Un buen ejemplo al respecto (para no salir del contexto alemán en el que
se mueve Habermas) es el de la hiperinflación que castigó a la República
de Weimar entre las dos guerras mundiales. Todo esto sugiere que el
dinero no se limita a funcionar como un código altamente formalizado
que trasmite informaciones entre un emisor y un receptor interesados en
realizar intercambios. El dinero también puede emplearse para transmitir
opiniones sobre el estado de la propia institución monetaria (la inflación
es nuevamente un ejemplo), o puede usarse para plantear interrogantes u
objeciones a quienes toman las decisiones políticas (como en el caso de
los traspasos masivos a otras divisas o la fuga de capitales).

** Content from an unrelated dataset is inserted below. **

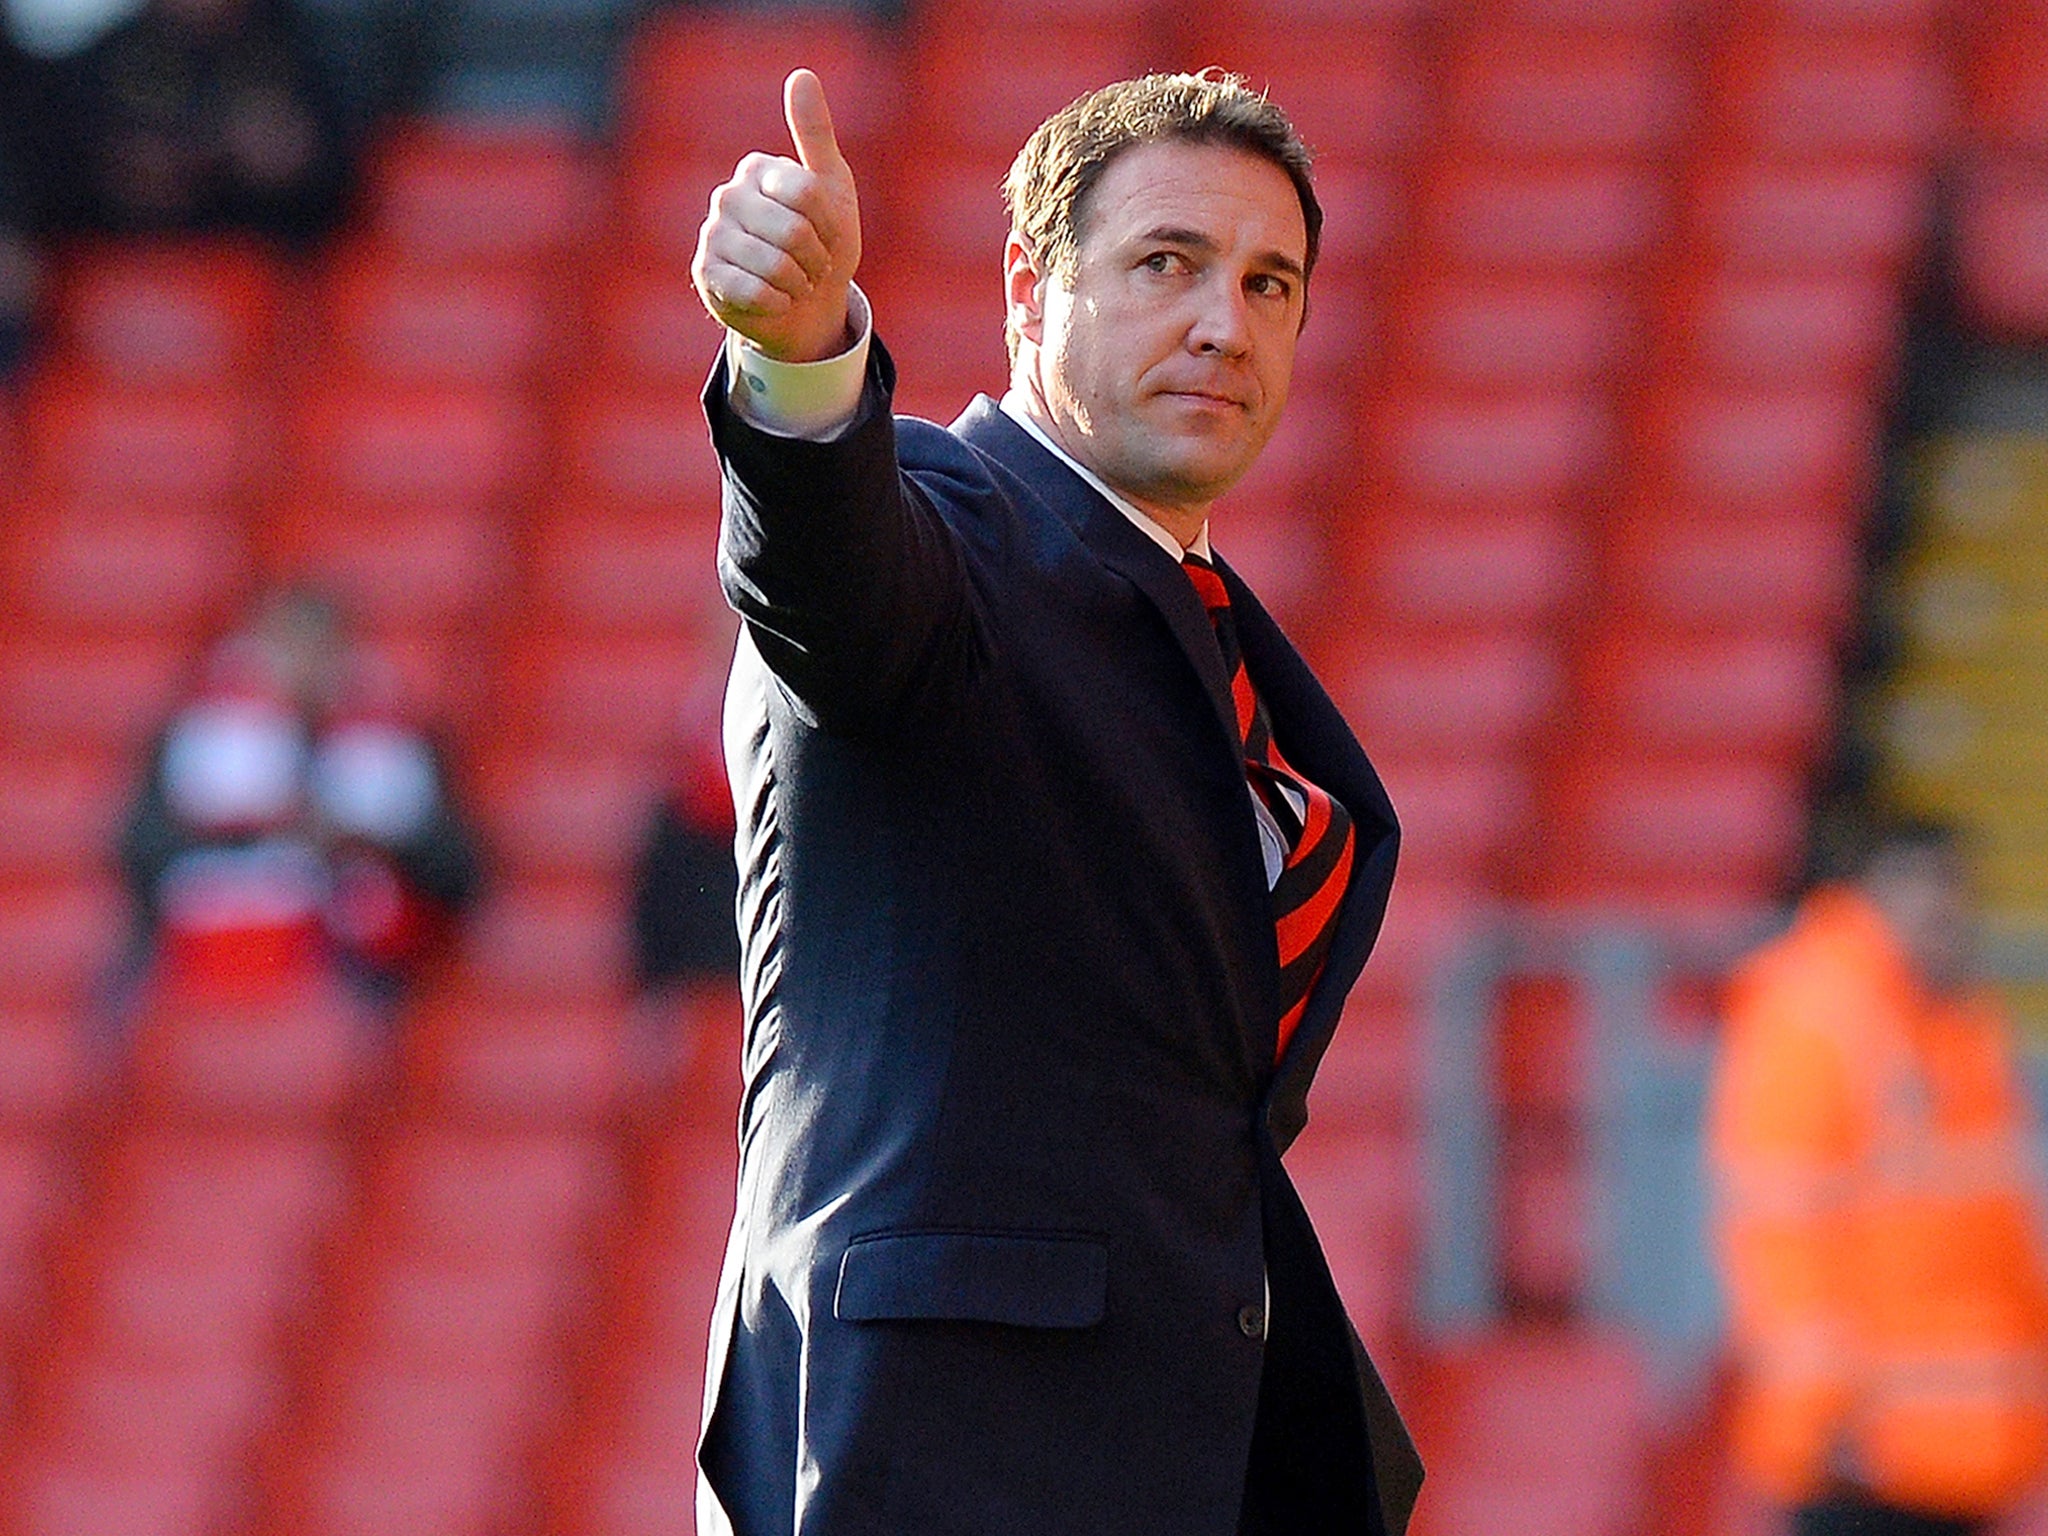 Cardiff City manager Malky Mackay gives the thumbs up to fans ahead of their match against Liverpool

Habermas no
parece haber tenido en cuenta ninguna de estas posibilidades porque no
parece haber percibido que el dinero forma parte de un entramado
institucional muy complejo. Suponer que la actividad económica se
reduce a hacer circular dinero es una simplificación inaceptable. El menor
esfuerzo analítico revela que se trata de un "juego" altamente
institucionalizado donde se debe empezar por definir quiénes serán
considerados "jugadores" (las figuras del productor, del inversor y del
consumidor, tan abstractas como la del ciudadano), cuáles serán las
"jugadas" que se considerarán aceptables (el papel, por ejemplo, de las
leyes antimonopólicas) y cuáles serán los límites establecidos a lo que se
puede ganar y se puede perder (la prohibición, por ejemplo, de la
esclavitud por deudas). Ninguno de estos parámetros está definido a priori
ni responde exclusivamente a una lógica sistémica. Más bien al contrario,
los límites del mercado quedan definidos por nuestras decisiones,
normativamente fundadas, respecto al tipo de sociedad en la que
queremos vivir. El no haber percibido este punto sería un problema menor
si sólo indicara que el análisis habermasiano peca de excesiva
generalidad. Pero en realidad revela algo más importante. Al igual que en
el caso del poder, el análisis del dinero como sistema autonomizado corta
casi todos los vínculos entre la lógica sistémica y la racionalidad de los
actores. Sólo queda en pie el proceso de constreñimiento del mundo de la
vida y una capacidad de resistencia discursiva que parece condenada a
lamentar males inevitables. Es por eso que, al cabo del análisis, los
actores habermasianos aparecen dolorosamente huérfanos de alternativas.